> **Exercise details**
The answer must consist solely of the lines below starting at the one containing "Vue d'une colonnade" and ending at the one containing "Itaú Social | Monitoring & Evaluation System", repeated exactly, with both ends included and all pictures omitted.

> **Data excerpts**
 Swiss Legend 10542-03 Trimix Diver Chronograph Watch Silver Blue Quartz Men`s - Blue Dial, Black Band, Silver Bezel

...

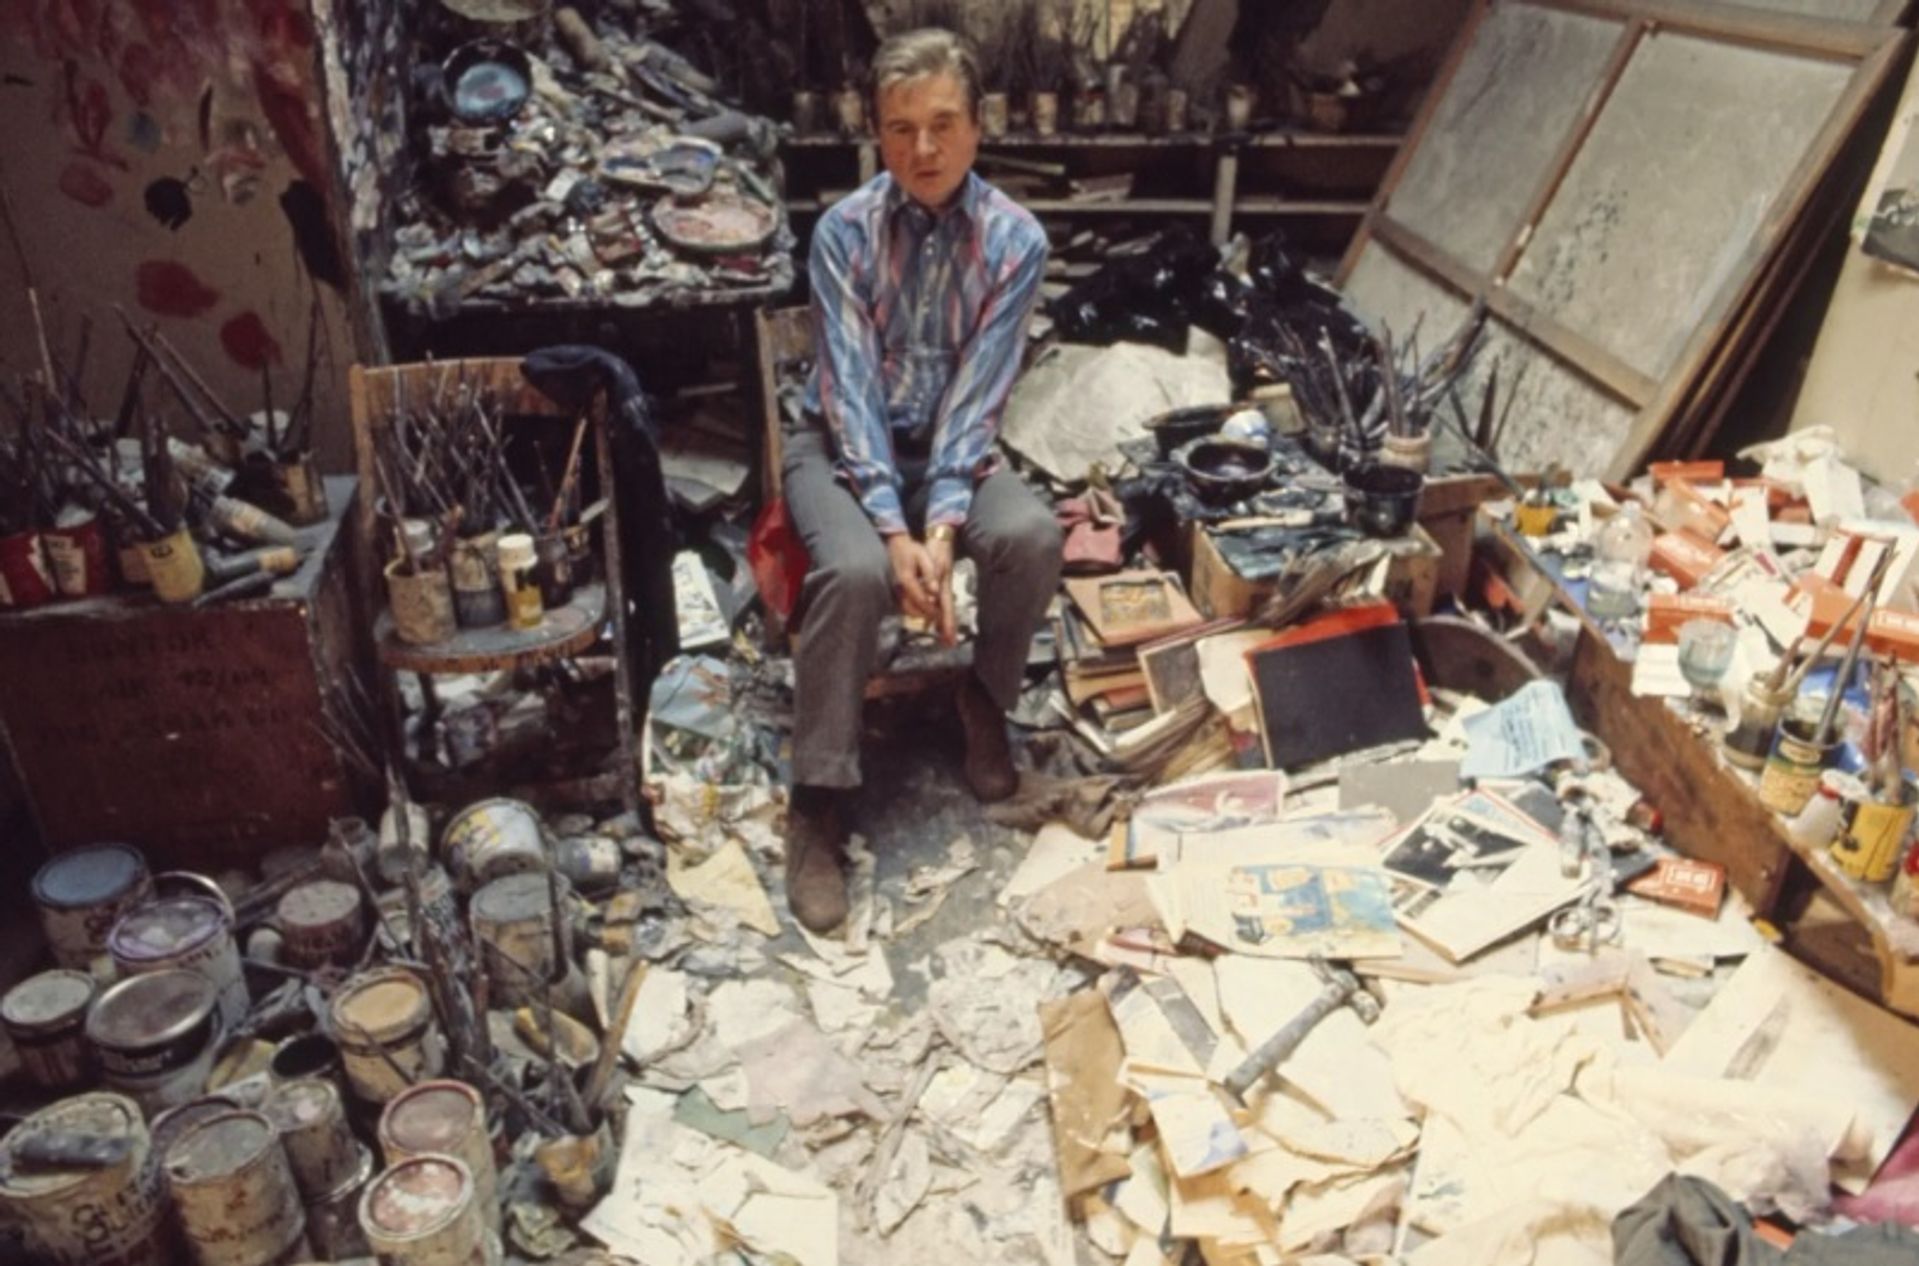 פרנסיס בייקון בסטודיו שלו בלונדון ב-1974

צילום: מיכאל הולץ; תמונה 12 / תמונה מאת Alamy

...

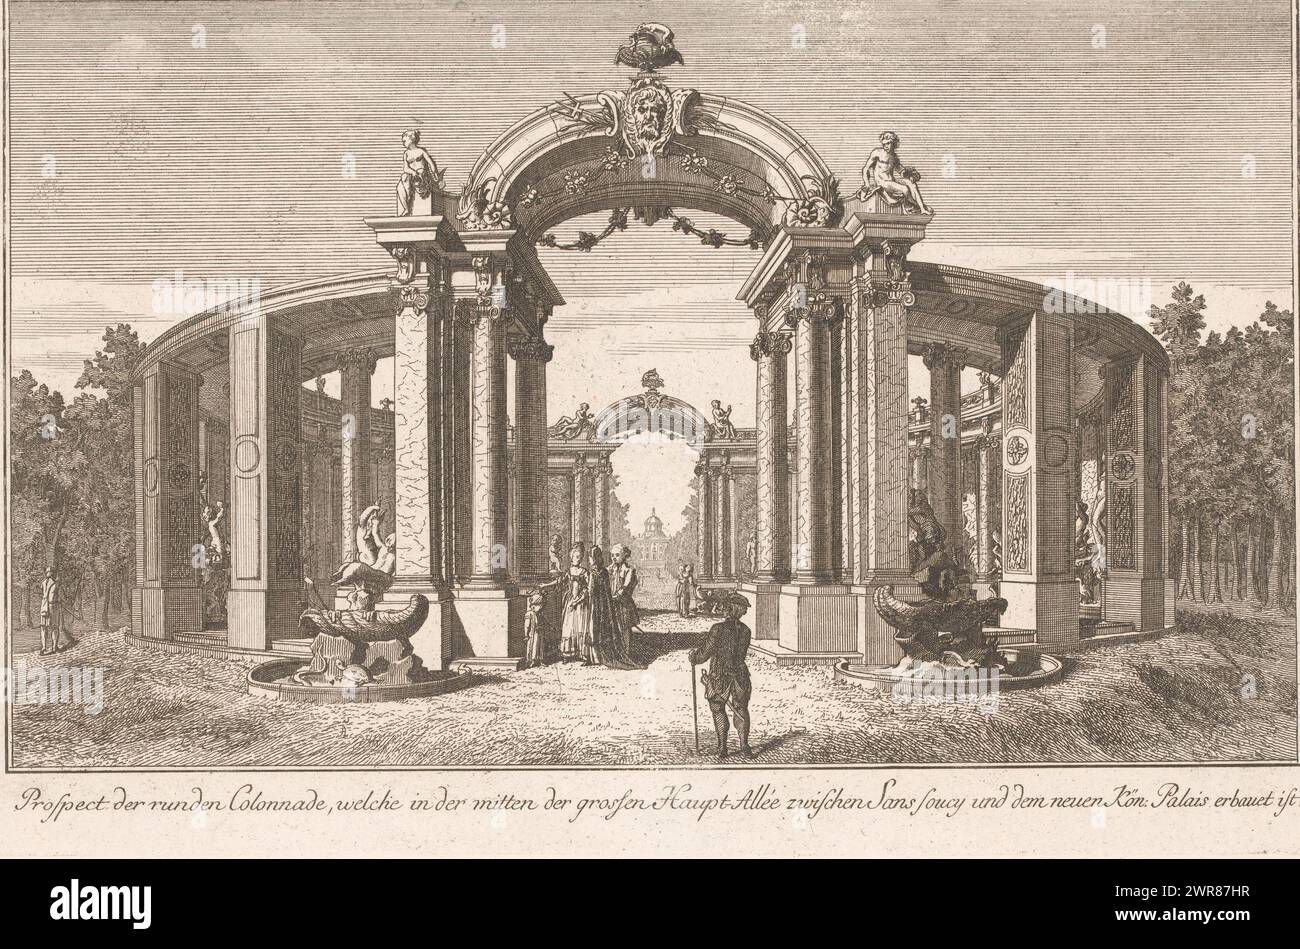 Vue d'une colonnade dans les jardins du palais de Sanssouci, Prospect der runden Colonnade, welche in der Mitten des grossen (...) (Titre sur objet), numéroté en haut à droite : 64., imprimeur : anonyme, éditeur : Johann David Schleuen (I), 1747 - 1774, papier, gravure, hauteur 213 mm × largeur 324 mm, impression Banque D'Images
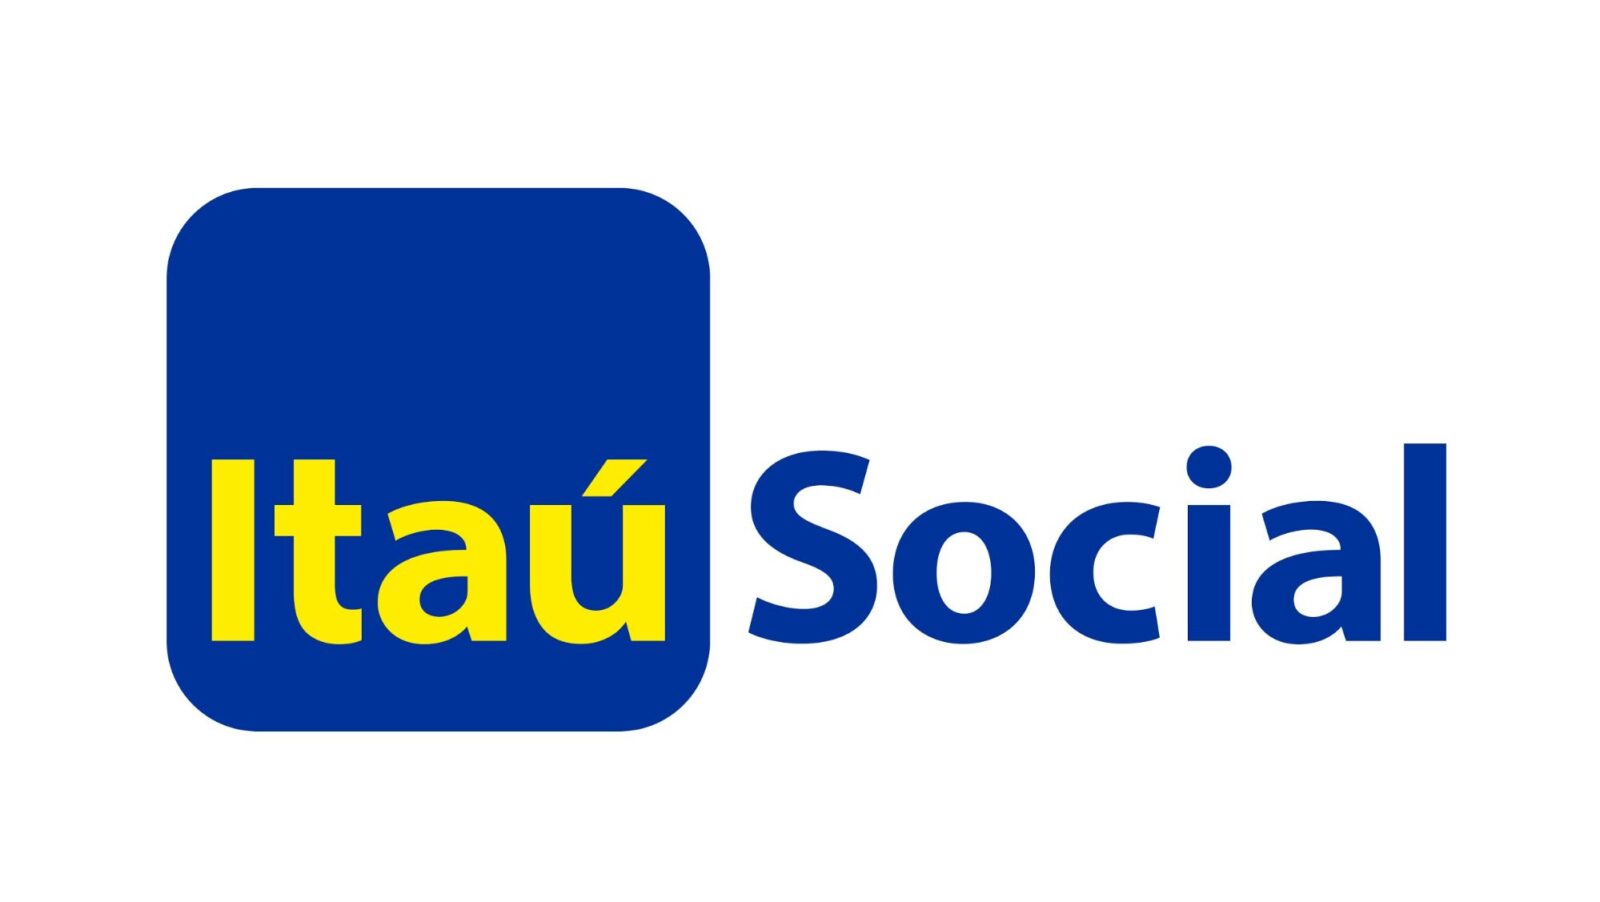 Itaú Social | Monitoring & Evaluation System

> **Solution**
 Vue d'une colonnade dans les jardins du palais de Sanssouci, Prospect der runden Colonnade, welche in der Mitten des grossen (...) (Titre sur objet), numéroté en haut à droite : 64., imprimeur : anonyme, éditeur : Johann David Schleuen (I), 1747 - 1774, papier, gravure, hauteur 213 mm × largeur 324 mm, impression Banque D'Images
 Itaú Social | Monitoring & Evaluation System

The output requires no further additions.